Something I’d like to address is reading. I understand statistics show many kids don’t meet the reading standards for their respective grades, I get that. Something I want to address here though isn’t the basic learning of reading, but is the more advance analysis/comprehension/enjoyment/many many other things reading offers, and why I don’t think school does a good job allowing kids to be immersed in books.
Another thing, I love reading. From the time I learned in elementary school to probably the middle of middle school, I would read a book a week. From the Alex Rider series, to Dan Brown, and many more, I loved it. My mom and my grandma both had a big role in my learning to love reading, but as I aged my love dwindled aside from when sequels to my favorite series, or other exciting books came out. I can’t put my finger on one thing as to why my love for it dwindled, but right now I can say I’m making an effort to get it back.
I can go in to why I think story, creativity, and just pure entertainment are important, but that can be a whole post in itself. For this I want to talk about why I think many kids just plain dislike reading, and why I often find it hard to get myself immersed in a book.
Yes, maybe the technological arguments make sense. Phones, computers, internet, Facebook, whatever. I use these things a lot, but I really don’t see that as much of a problem, feeling connected is a good thing and something we all strive to feel. Time though, I would say is a big thing, especially with homework and assignments, I think we all know that feeling of not being able to do anything else if we feel that we have to be doing homework. Again, maybe you’ll call me a procrastinator, but I think it is good to do other things with one’s time than just studying and homework. When you have an exam, project, take home quiz, etc. you have to do. . . the other things you want are impossible to start. That is a big problem but I think the reason reading suffers comes down to something else, and that is an attitude.
We of course have an attitude about reading, and it goes much deeper than just thinking it is “nerdy”, because I personally wouldn’t care if it was nerdy. No, the attitudes run deeper than that, and I think reading is viewed as only a scholarly thing, as a chore, a boring thing that can be outdone by action movies.
Okay, maybe you attribute it to laziness, but I think that too, simplifies the problem. Maybe I don’t know the problem, but I think that how reading is taught in school can play a role. For instance, usually old books, with language one can hardly understand, are analyzed for allusions, metaphors, and author’s style, to a point where the beauty of the story is lost. The ins and outs of a character’s mind aren’t used to reflect on oneself, but merely a list to be memorized and used on a multiple choice question, or on an structured and formatted essay. Author’s purpose becomes a dirty thing, where the author is on one side or the other of a larger conflict presented in a story, and the thoughts in their heads are lost.

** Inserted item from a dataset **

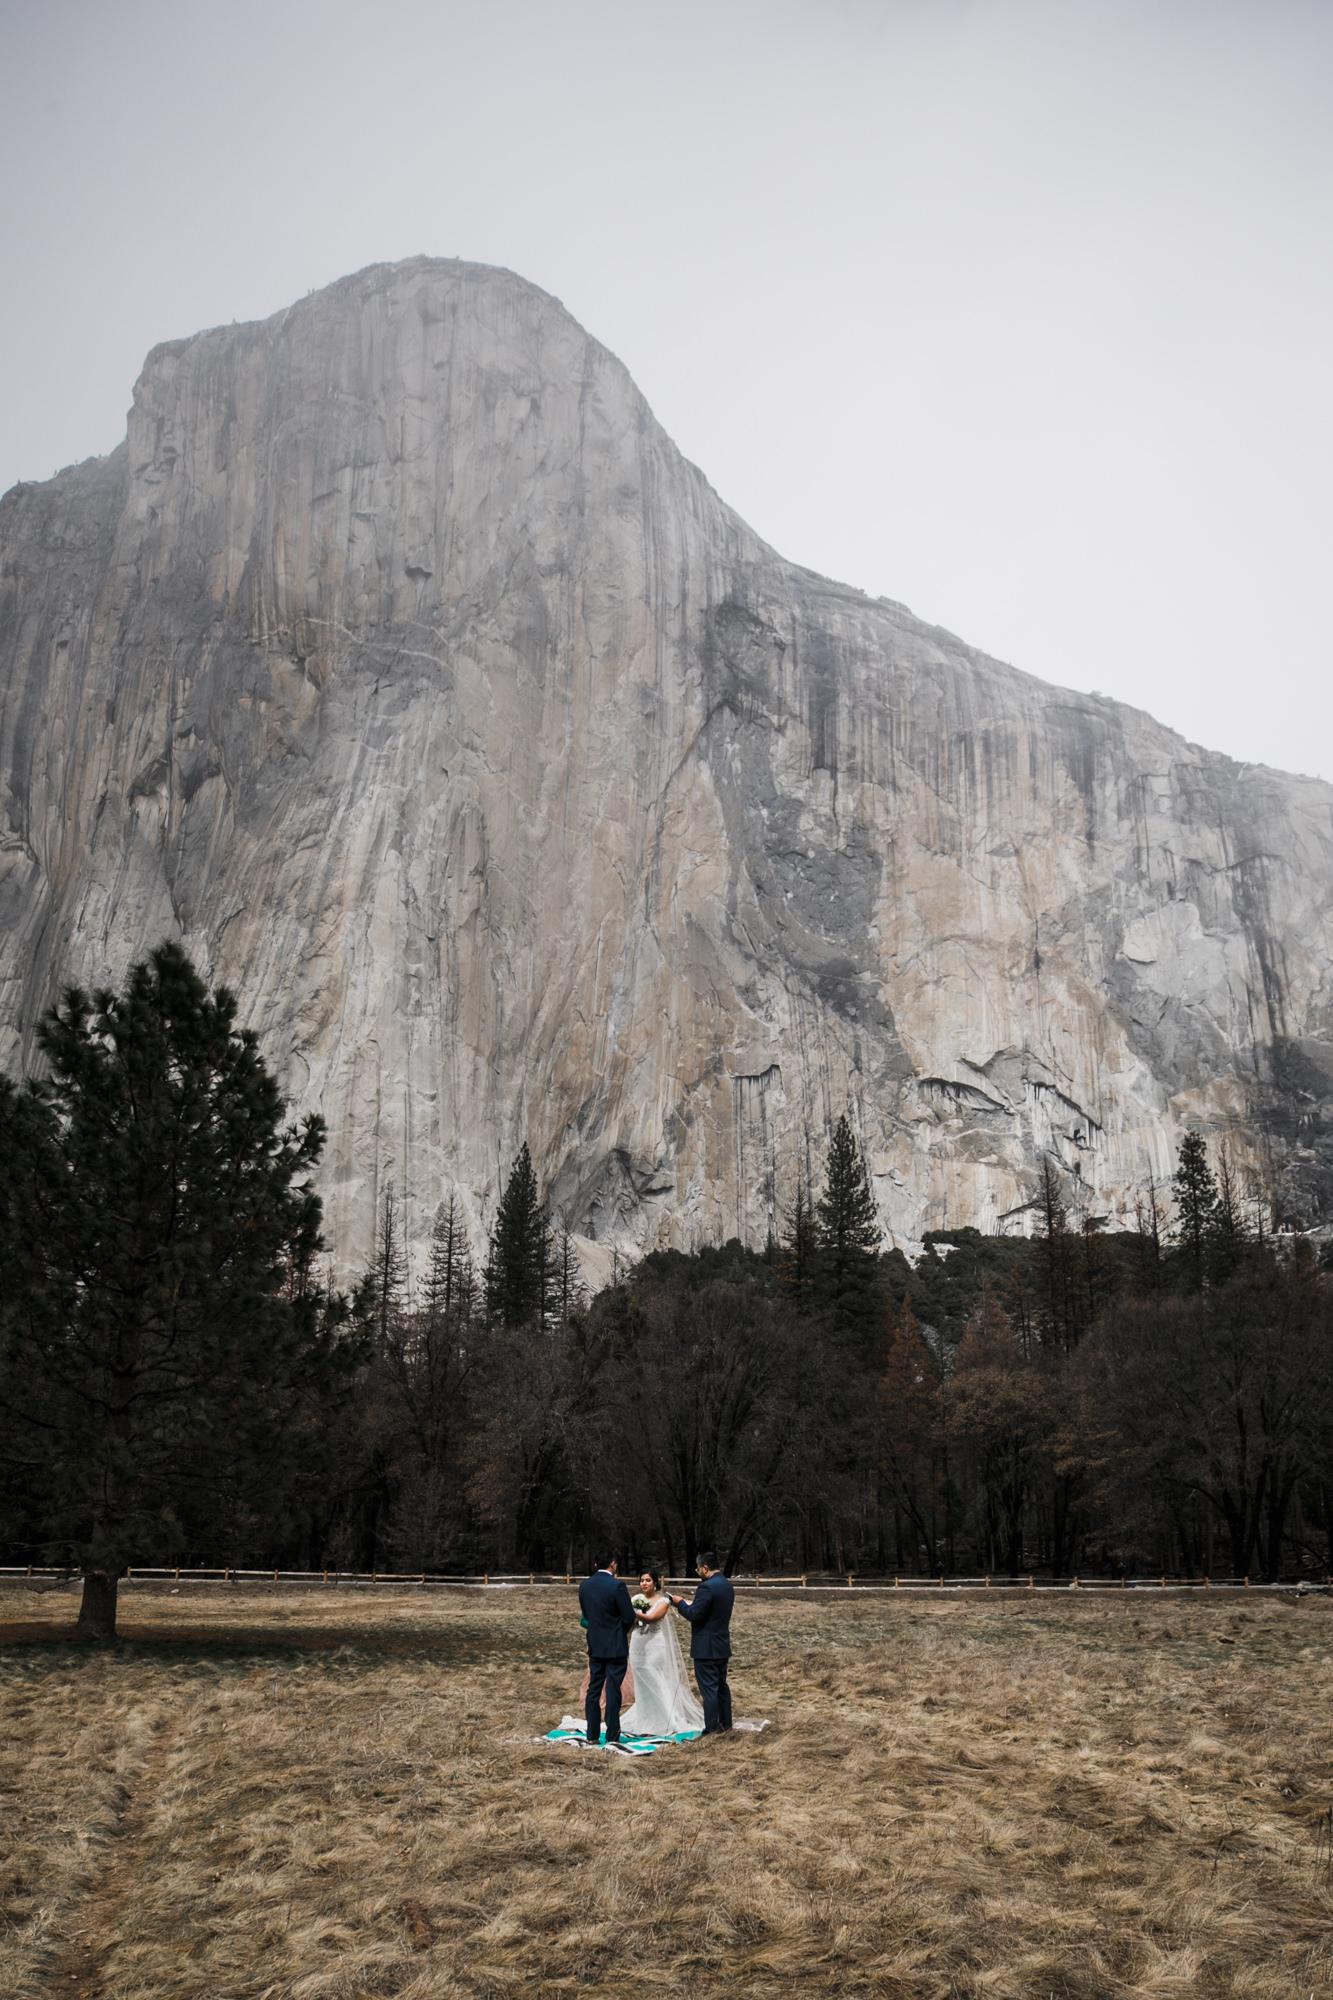 el cap meadow is one of our favorite wedding locations in yosemite

Of course this fallout many experience, or don’t have a chance to experience, with reading is part of the bigger complex problem. One of the things that should happen with reading has to be an end to the oversimplification in reading a story. We can’t read for only the sake of making obscure observations and passing the test, but read to entertain yourself, or to learn something. The deeper understanding of the story will come then.
Note: As you can tell all the problems I bring up in my posts can’t be attributed to any one thing and therefore can be seen as impossible to solve. But I disagree with that, we need solutions to these things that are overarching, change in policies, but also changes in attitudes and practices.